WASHINGTON -- Cross-functional teams, which are part of the new U.S. Army Futures Command, are hard at work to put new capability into the hands of warfighters in the next three to five years, said Gen. John M. Murray.
Murray, commander, U.S. Army Futures Command, testified at a House Armed Services Readiness subcommittee hearing Thursday. He provided three examples of work being done by Futures Command's cross-functional teams.
From a tactical fires perspective, the Army is doing a two-step upgrade to its current Paladin, he said. The M-109A7 is getting a new chassis and an extended-range 58-caliber cannon that will more than double its current striking distance -- and the goal is to extend that even further.
In terms of operational fires, the Army will be testing its new Precision Strike Missile, which will have a range of about 499 kilometers, he said, noting that the current range of operational fires is just 350 km.
As for strategic fires, the Army is investing in hypersonics research, along with experiments on a strategic long-range cannon, which conceivably could go upwards of 1,800 km.
For the near term, the Army is adding cannons and rockets into its formations to provide current needed lethality, he added.

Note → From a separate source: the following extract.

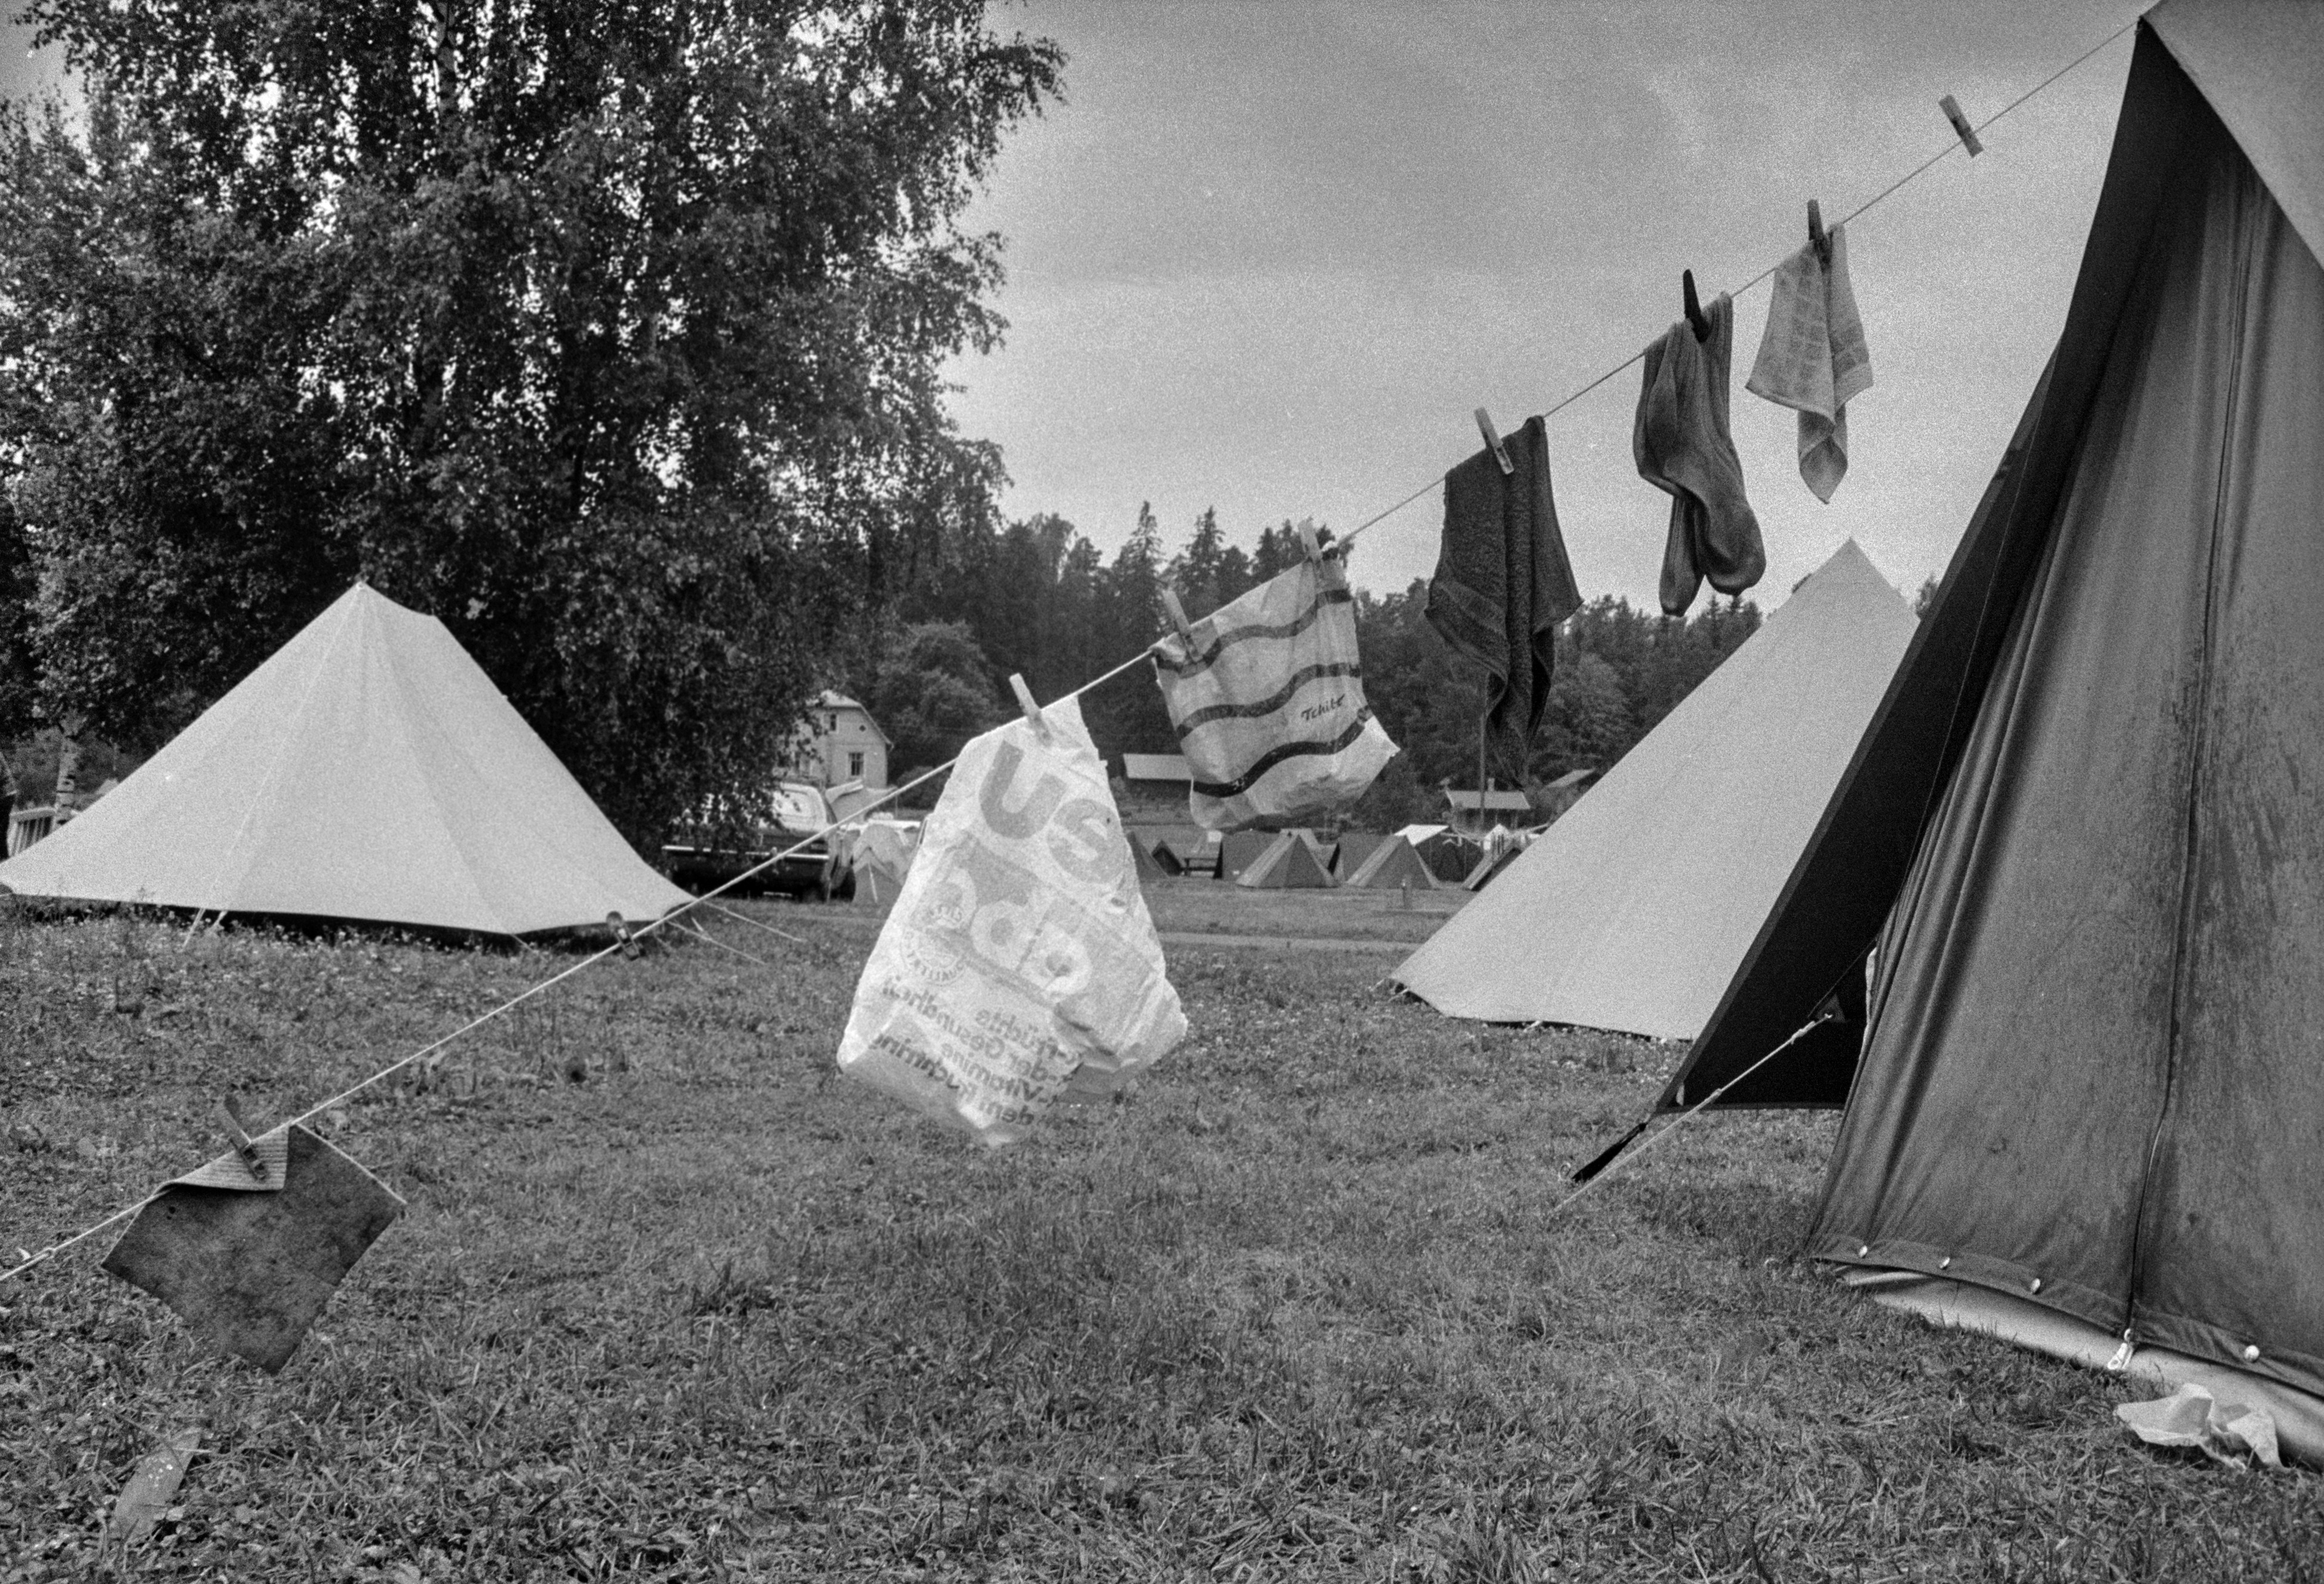 Rastila Camping leirintäalue. Leirintäalueelle pystytettyjä telttoja. Yhden teltan kiinnitysnaruun on ripustettu kuivumaan pyykkejä.

The Army won't produce a new tank within the next two years, but within three to five years, there will be other new capabilities in the hands of the warfighters thanks to the efforts of Futures Command's cross-functional teams, in partnership with industry, academia and warfighter testing, he said.

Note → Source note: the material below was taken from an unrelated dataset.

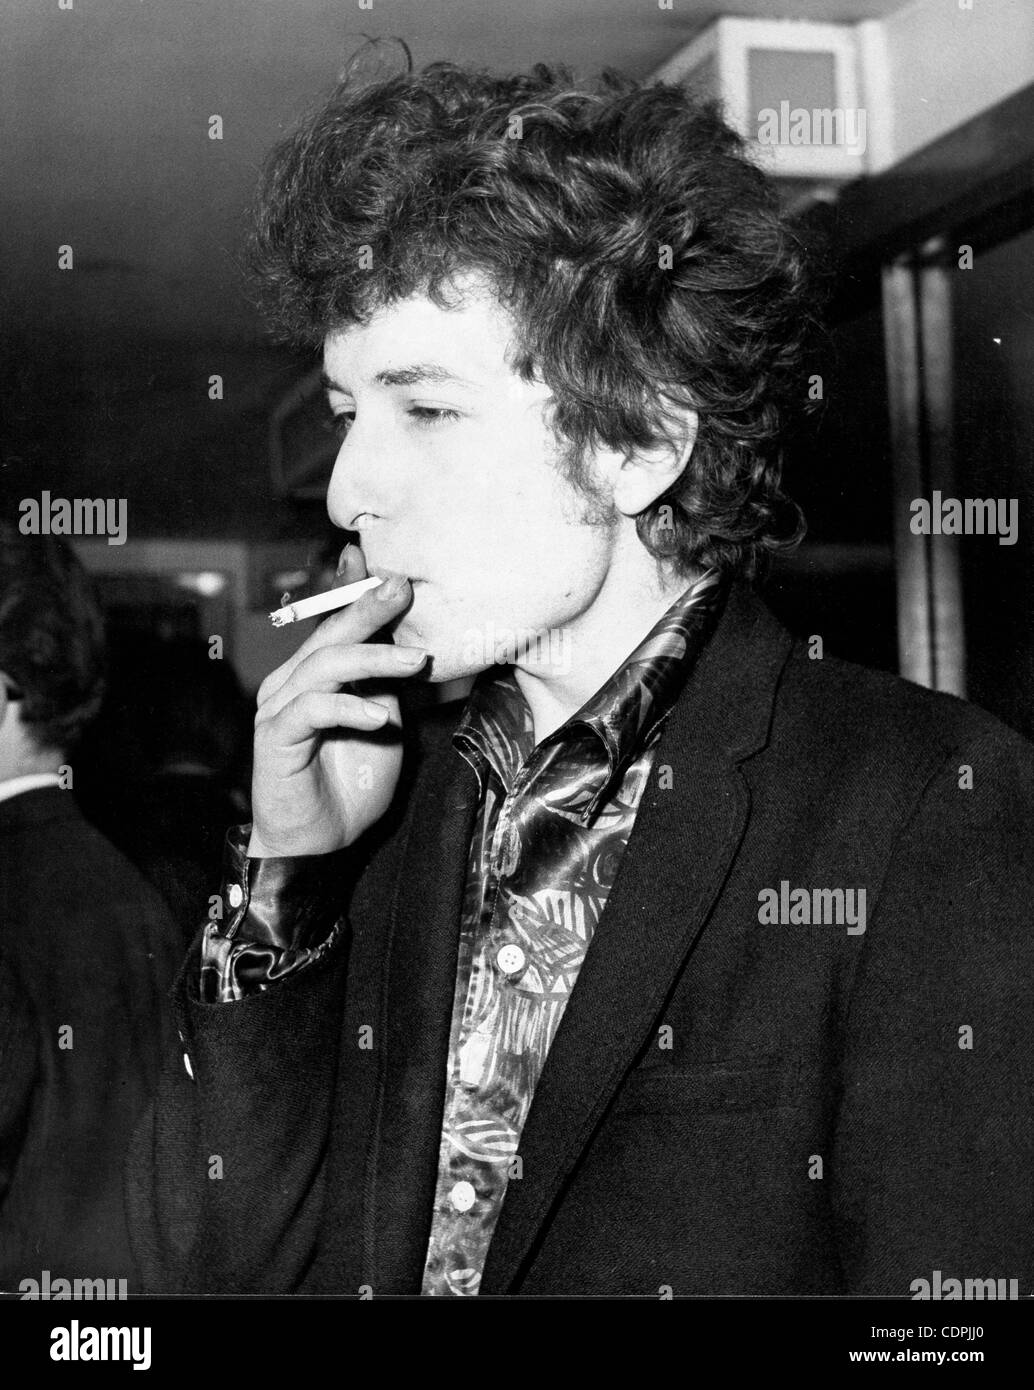 27. April 1965 - London, England, U.K - Folk-Sänger BOB DYLAN eine Zigarette raucht. Dylan ist in der Stadt für seine britischen Tour im The Savoy Hotel. (Kredit-Bild: © KEYSTONE Pictures/ZUMAPRESS.com) Stockfoto

For decades, it took anywhere from three to five years to develop requirements for weapons systems and another 10 years to field the equipment, Murray said. By that time, the equipment was obsolete.
Futures Command, in cooperation with the acquisition community, plans to bring the requirements time down to 12 months, with commensurate reduction in development time, Murray said.
Under Secretary of the Army Ryan D. McCarthy testified that as Army Futures Command settles into its high-tech incubator hubs in Austin, this type of disruptive technology will accelerate even further, both in a reduction of time it takes to go from blueprint and prototype to fielding, as well as shortening the acquisition cycle.
The key, he said, is personal relationships and eliminating stove-piped organizational constraints that slowed the process. Acquisition professionals, program managers, requirements writers, industry and academia experts and warfighter testers will all be in conversations with each other, led by Futures Command with oversight from himself and the vice chief of staff.
As to measuring the success of Army Futures Command, he said the only metric that matters is getting capability to the warfighter in a timely and cost-efficient manner.